I can reproduce files hanging in postprocessing when setting
"OCIS_ASYNC_UPLOADS": "true",
"POSTPROCESSING_DELAY": "1s",
then, running rclone (with the 425 patch) copy of a folder with 1k 10kb files wil leave hundreds of files in the web ui stuckh in postprocessing.
The log shows:
{"level":"error","event":"PostprocessingFinished","uploadid":"07c0a8cf-accd-40f4-a61f-5348a2321101","error":"ERR_UPLOAD_NOT_FOUND: upload not found","time":"2024-10-21T13:05:51+02:00","message":"Failed to get upload"}
and the files are actually not present on disk.
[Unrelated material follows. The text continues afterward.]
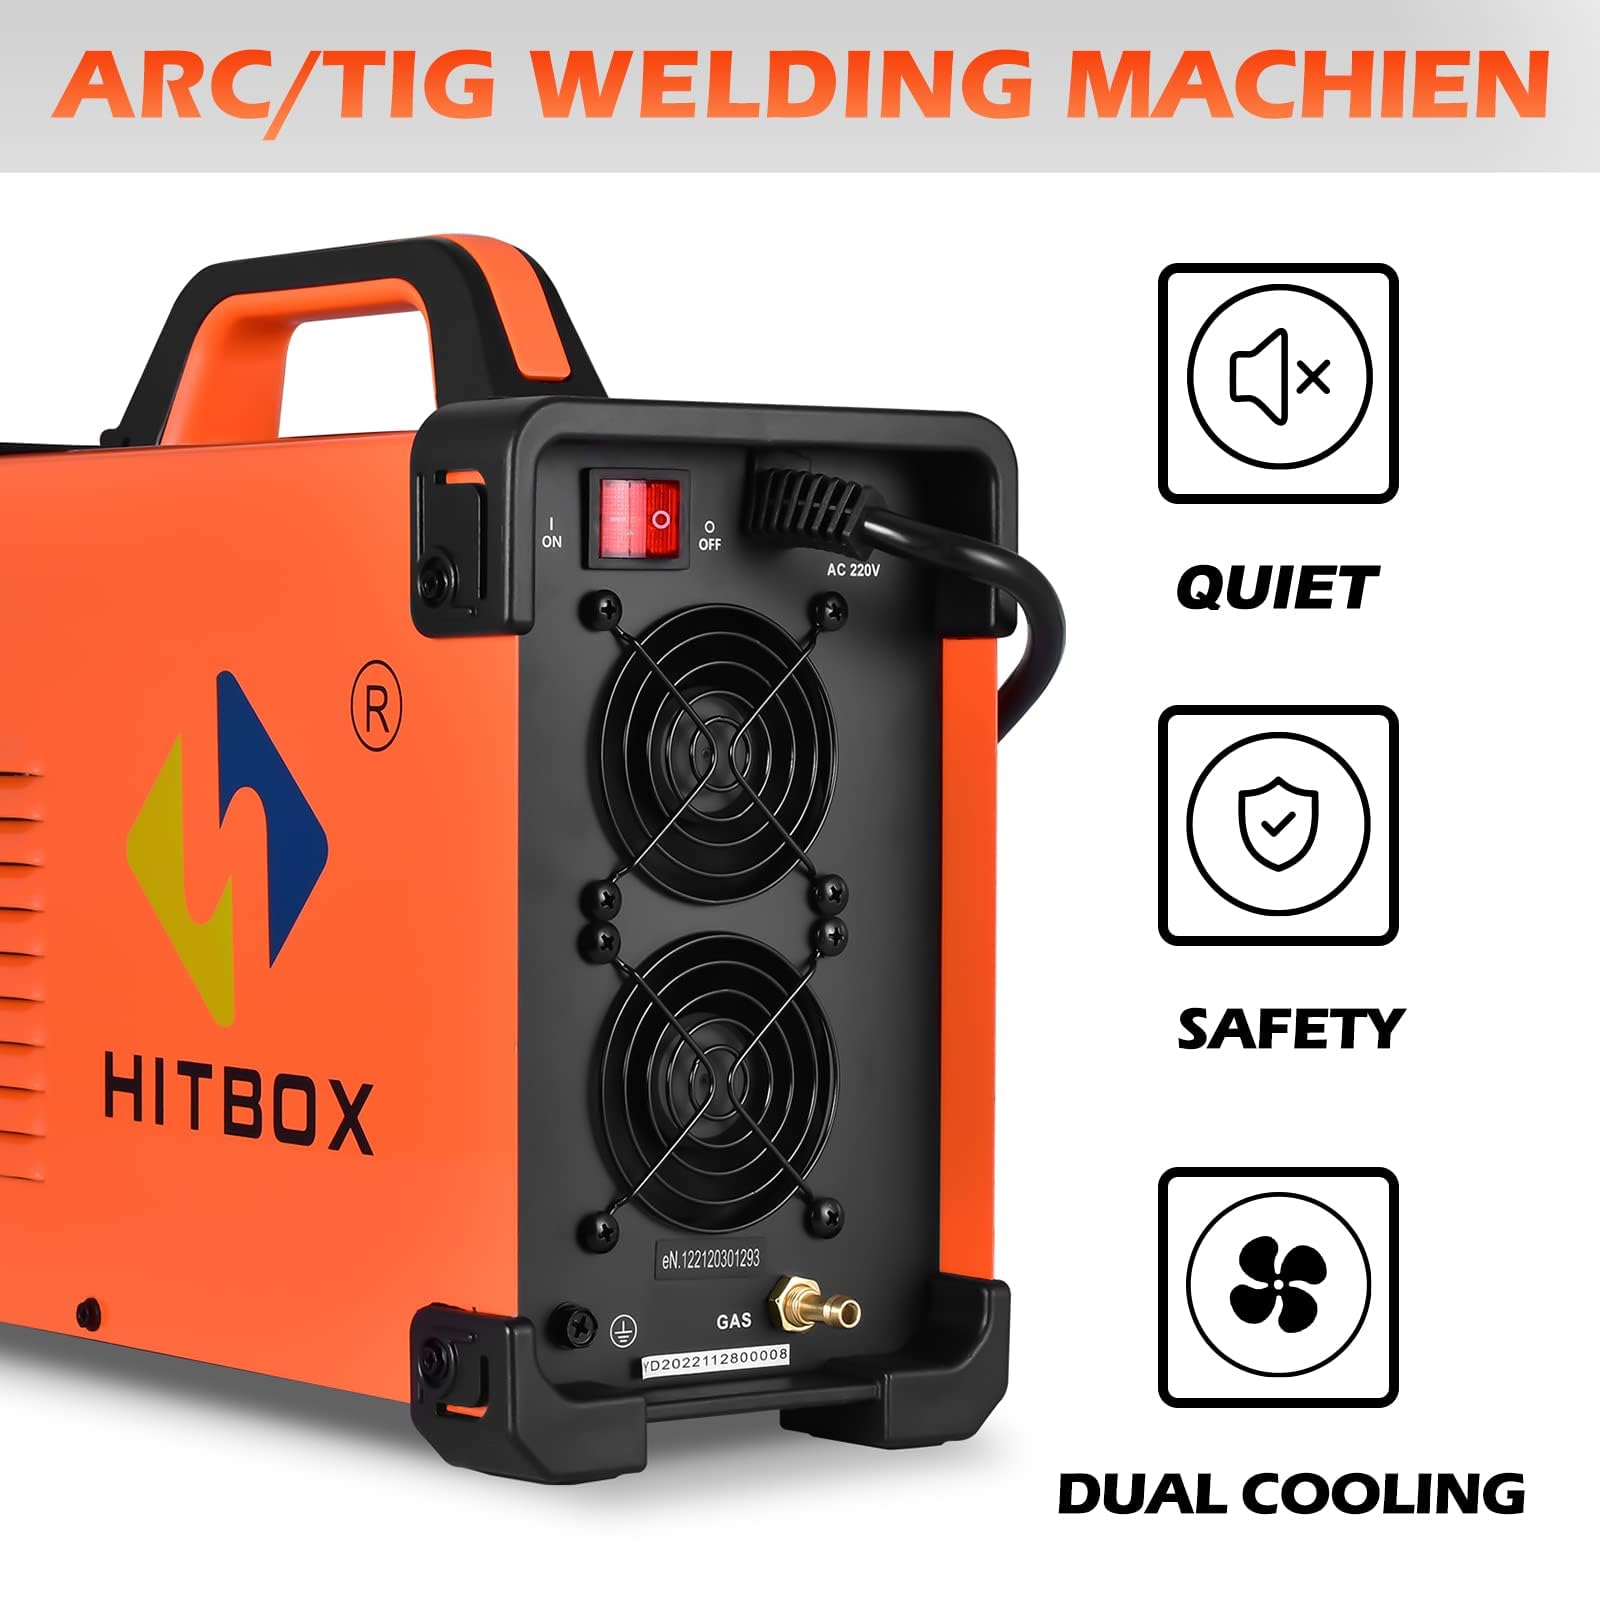 HITBOX 200A TIG Welder,AC/DC TIG Welder With Pulse 4 IN 1 Welding Machine,Aluminum TIG Welder 220V with DC TIG/AC TIG/Pulse TIG/Stick and IGBT 2T/4T LED Digital Display,Compatible with Foot Pedal

Also happens when using the web ui using 1000 4k files. All uploads in the web are finished but after ~500 processed uploads the upload not found errors
are logged.
ok i see this:
the outcome is continue ...
case events.PPOutcomeContinue:
if err := session.Finalize(); err != nil {
fs.sessionStore.Cleanup(ctx, session, revertNodeMetadata, keepUpload, unmarkPostprocessing)
hm
// Cleanup cleans upload metadata, binary data and processing status as necessary
func (store OcisStore) Cleanup(ctx context.Context, session Session, revertNodeMetadata, keepUpload, unmarkPostprocessing bool) {
ctx, span := tracer.Start(session.Context(ctx), "Cleanup")
defer span.End()
session.Cleanup(revertNodeMetadata, !keepUpload, !keepUpload)
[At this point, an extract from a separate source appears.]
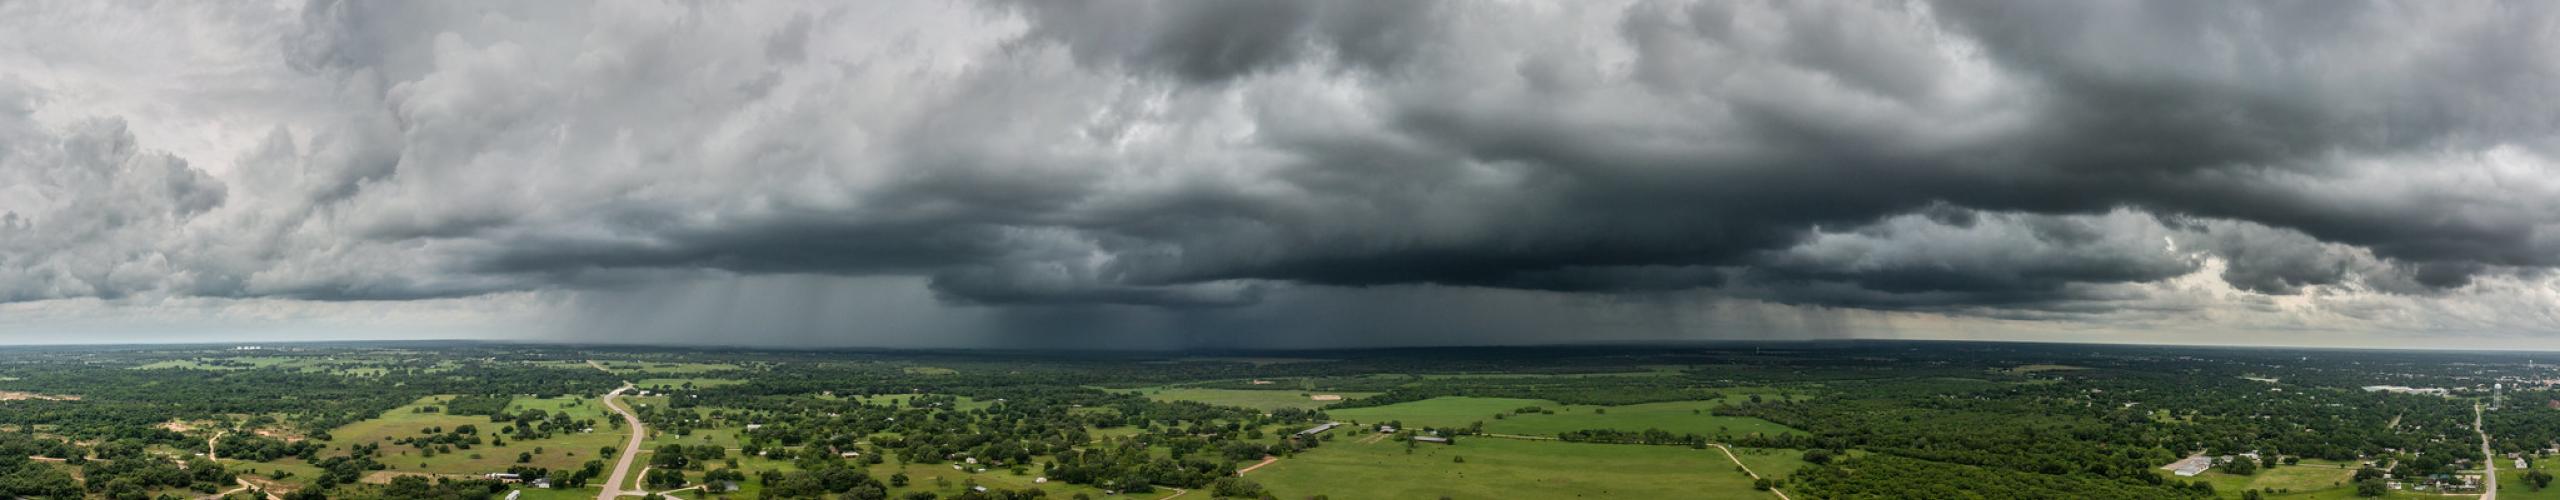 Aerial shot of land with storm clouds above

// unset processing status
if unmarkPostprocessing {
n, err := session.Node(ctx)
if err != nil {
appctx.GetLogger(ctx).Info().Str("session", session.ID()).Err(err).Msg("could not read node")
return
}
// FIXME: after cleanup the node might already be deleted ...
if n != nil { // node can be nil when there was an error before it was created (eg. checksum-mismatch)
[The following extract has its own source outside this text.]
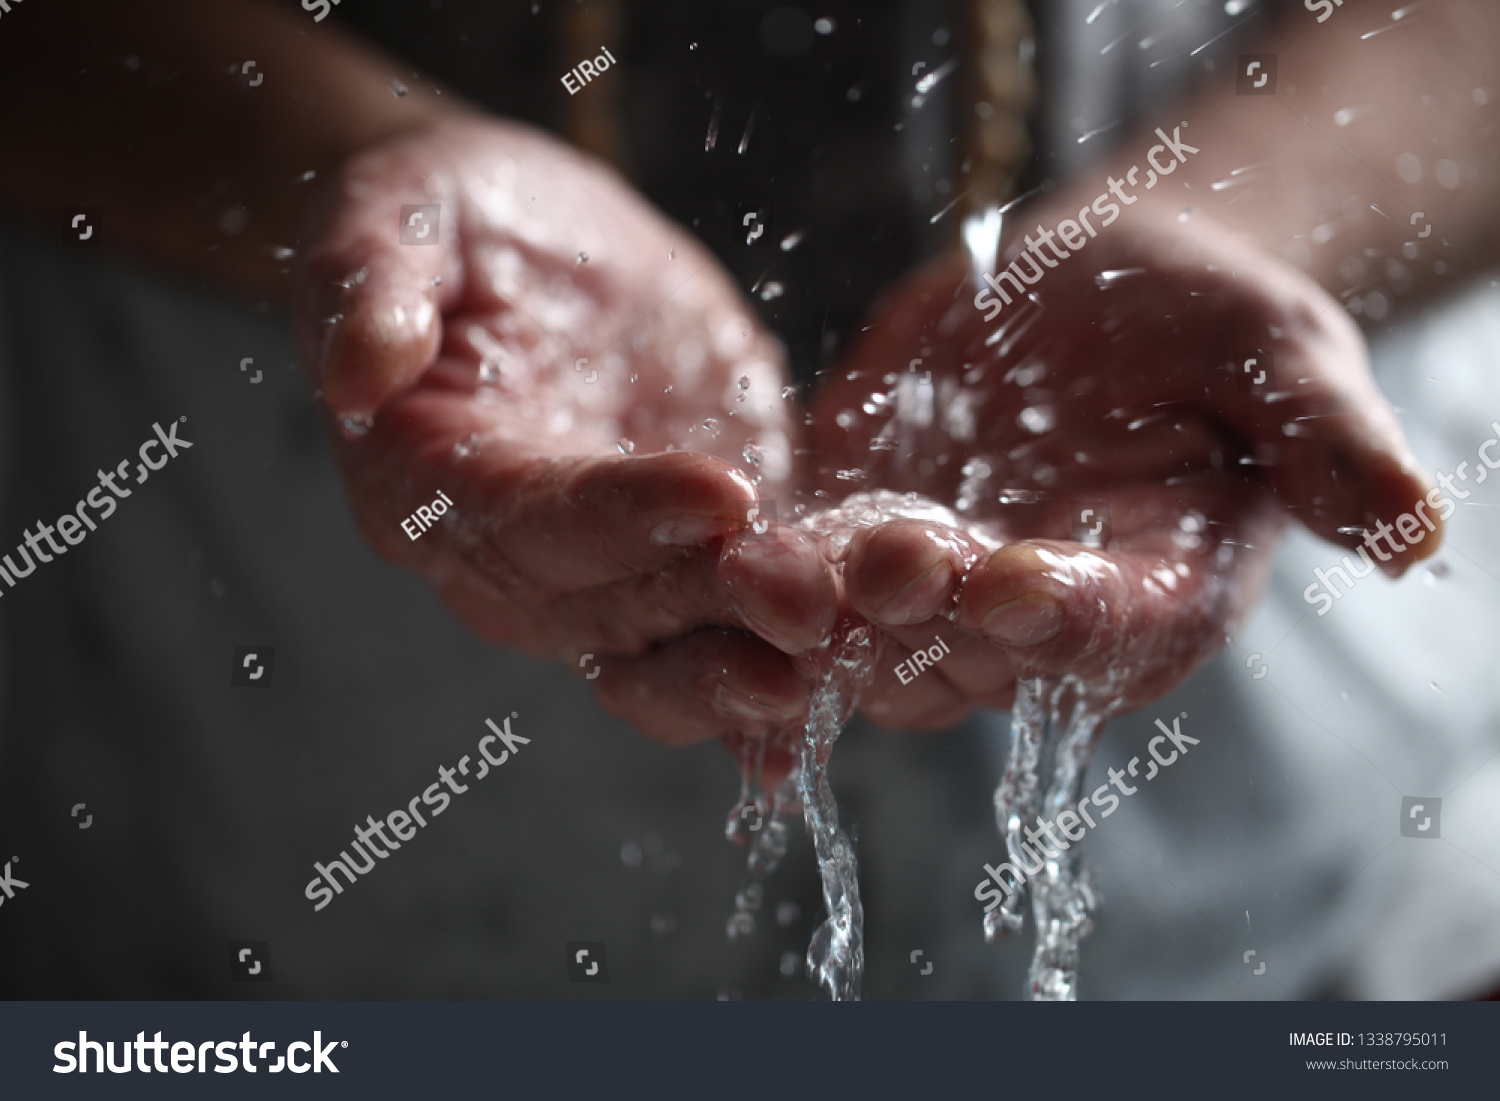 Muslim man washes his hands before prayer ritual cleansing. #1338795011

if err := n.UnmarkProcessing(ctx, session.ID()); err != nil {
appctx.GetLogger(ctx).Info().Str("path", n.InternalPath()).Err(err).Msg("unmarking processing failed")
}
}
}
}
session.Cleanup is called with revertNodeMetadata false, cleanBin true and cleanInfo true:
// cleanup cleans up after the upload is finished
func (session *OcisSession) Cleanup(revertNodeMetadata, cleanBin, cleanInfo bool) {
ctx := session.Context(context.Background())
if revertNodeMetadata {
n, err := session.Node(ctx)
if err != nil {
appctx.GetLogger(ctx).Error().Err(err).Str("sessionid", session.ID()).Msg("reading node for session failed")
} else {
if session.NodeExists() && session.info.MetaData["versionsPath"] != "" {
p := session.info.MetaData["versionsPath"]
if err := session.store.lu.CopyMetadata(ctx, p, n.InternalPath(), func(attributeName string, value []byte) (newValue []byte, copy bool) {
return value, strings.HasPrefix(attributeName, prefixes.ChecksumPrefix) ||
attributeName == prefixes.TypeAttr ||
attributeName == prefixes.BlobIDAttr ||
attributeName == prefixes.BlobsizeAttr ||
attributeName == prefixes.MTimeAttr
}, true); err != nil {
appctx.GetLogger(ctx).Info().Str("versionpath", p).Str("nodepath", n.InternalPath()).Err(err).Msg("renaming version node failed")
}
if err := os.RemoveAll(p); err != nil {
appctx.GetLogger(ctx).Info().Str("versionpath", p).Str("nodepath", n.InternalPath()).Err(err).Msg("error removing version")
}
} else {
// if no other upload session is in progress (processing id != session id) or has finished (processing id == "")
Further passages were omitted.